Risk in the mortgage market has likely more than doubled since 2019, according to new research by the Canada Mortgage and Housing Corporation.
In a report released Wednesday, the Crown corporation largely attributes the spike in risk to the Bank of Canada’s interest rate hikes beginning in 2022.
Increasing the amortization schedule from 30 years to 40 would also likely have little effect on reducing the mortgage market risk, the CMHC says.
“Under current interest rate conditions, more mortgage holders find themselves in precarious financial situations; the financial buffer they were able to build up during the pandemic has been exhausted,” the report explains.
The findings are part of the CMHC’s 2024 spring Residential Mortgage Industry Report.

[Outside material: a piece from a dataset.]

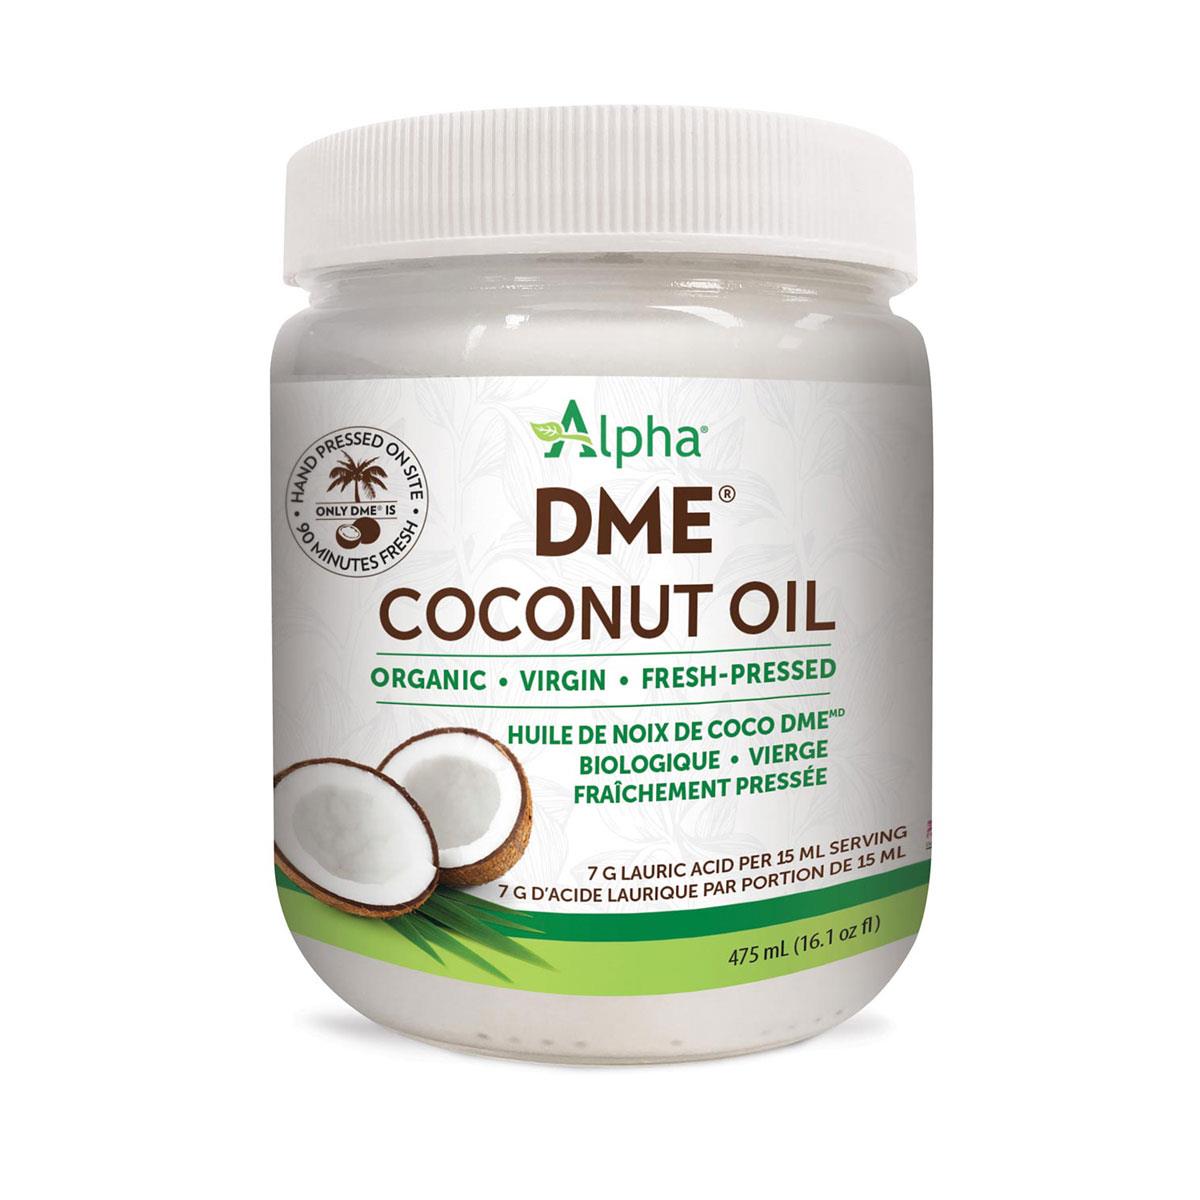 ALPHA HEALTH PRODUCTS COCONUT OIL DME ORGANIC, 475ML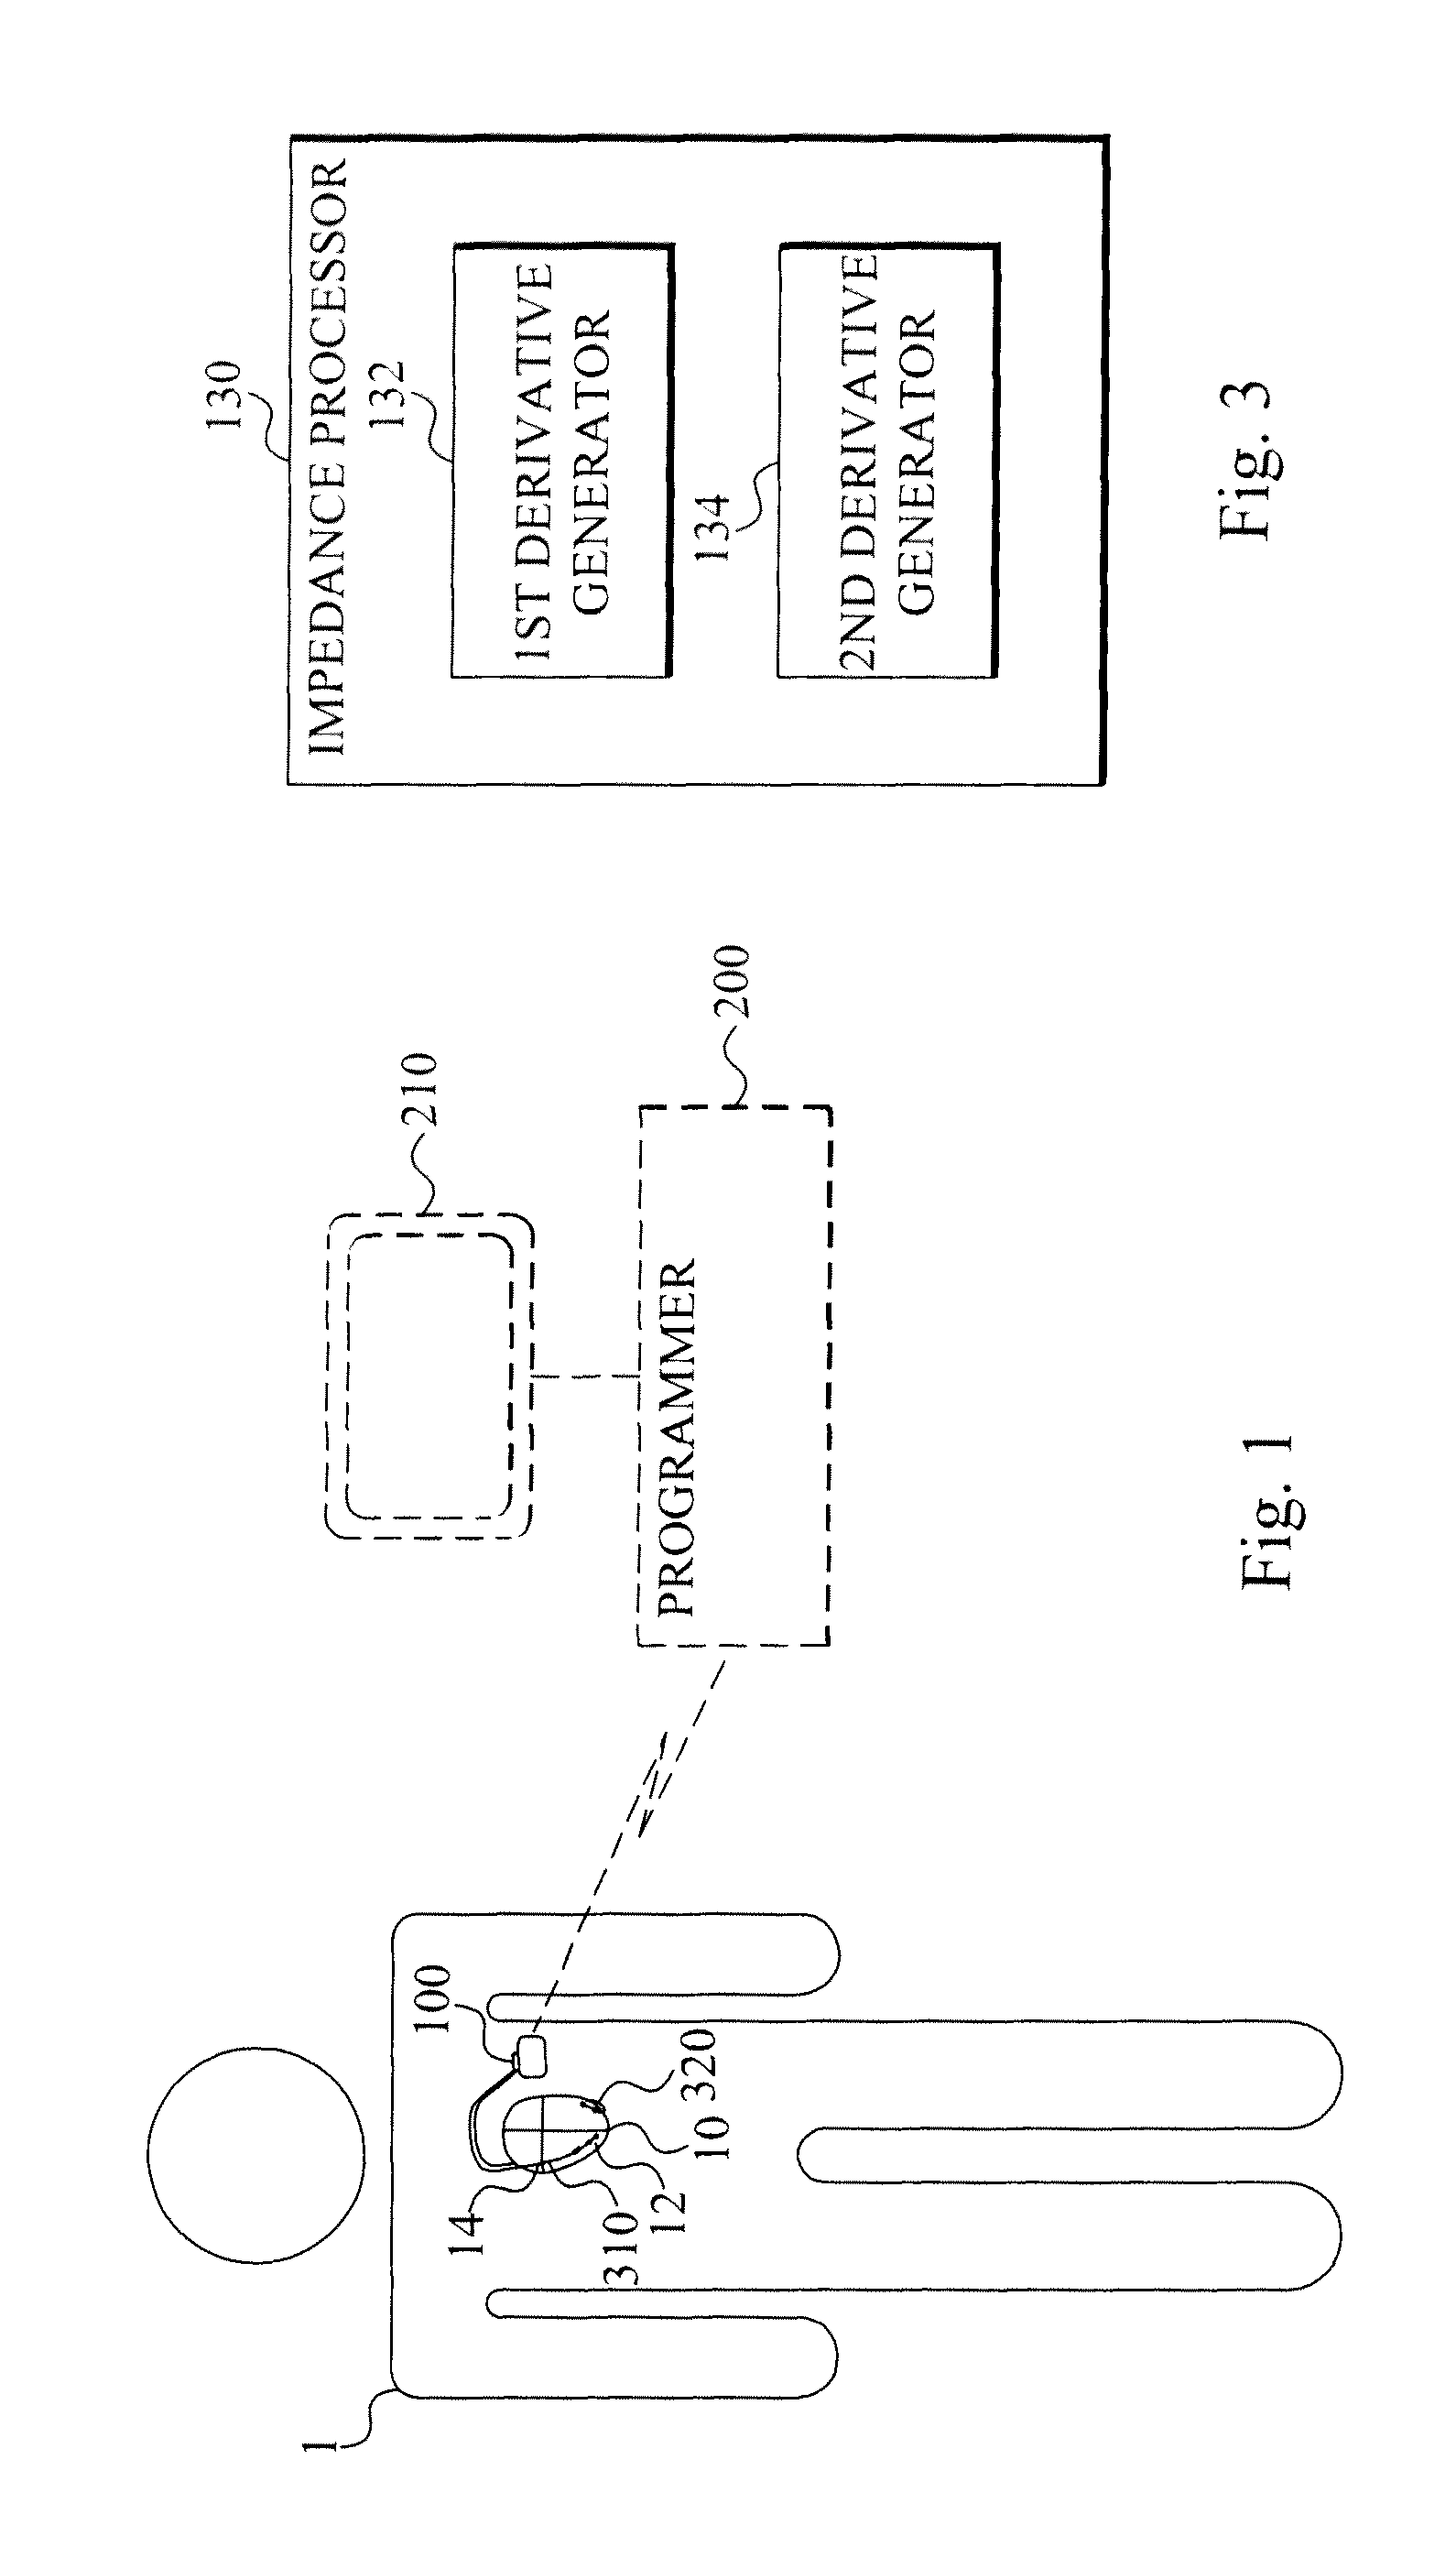 Method and device for estimating a myocardial performance parameter

The corporation used data on households’ financial positions from a 2019 survey to estimate what percentage of homeowners with mortgages would not be able to pay for both essential life expenses and new mortgage payments upon renewal given the current interest rates.
It found that, in a simulated situation with current mortgage rates and 2019 unemployment rates, more than eight per cent of homeowners would not be able to sustain their mortgage payments and afford basic life necessities.
This finding is contrasted with its baseline scenario, where it says four per cent of homeowners would not be able to make both payments with 2019 unemployment rates and mortgage rates.
Comparing the two shows that the risks to homeowners’ ability to financially keep up with necessary expenses and mortgage payments have doubled.
The report adds that raising the amortization schedule from 30 to 40 years would only reduce monthly mortgage payments by five per cent.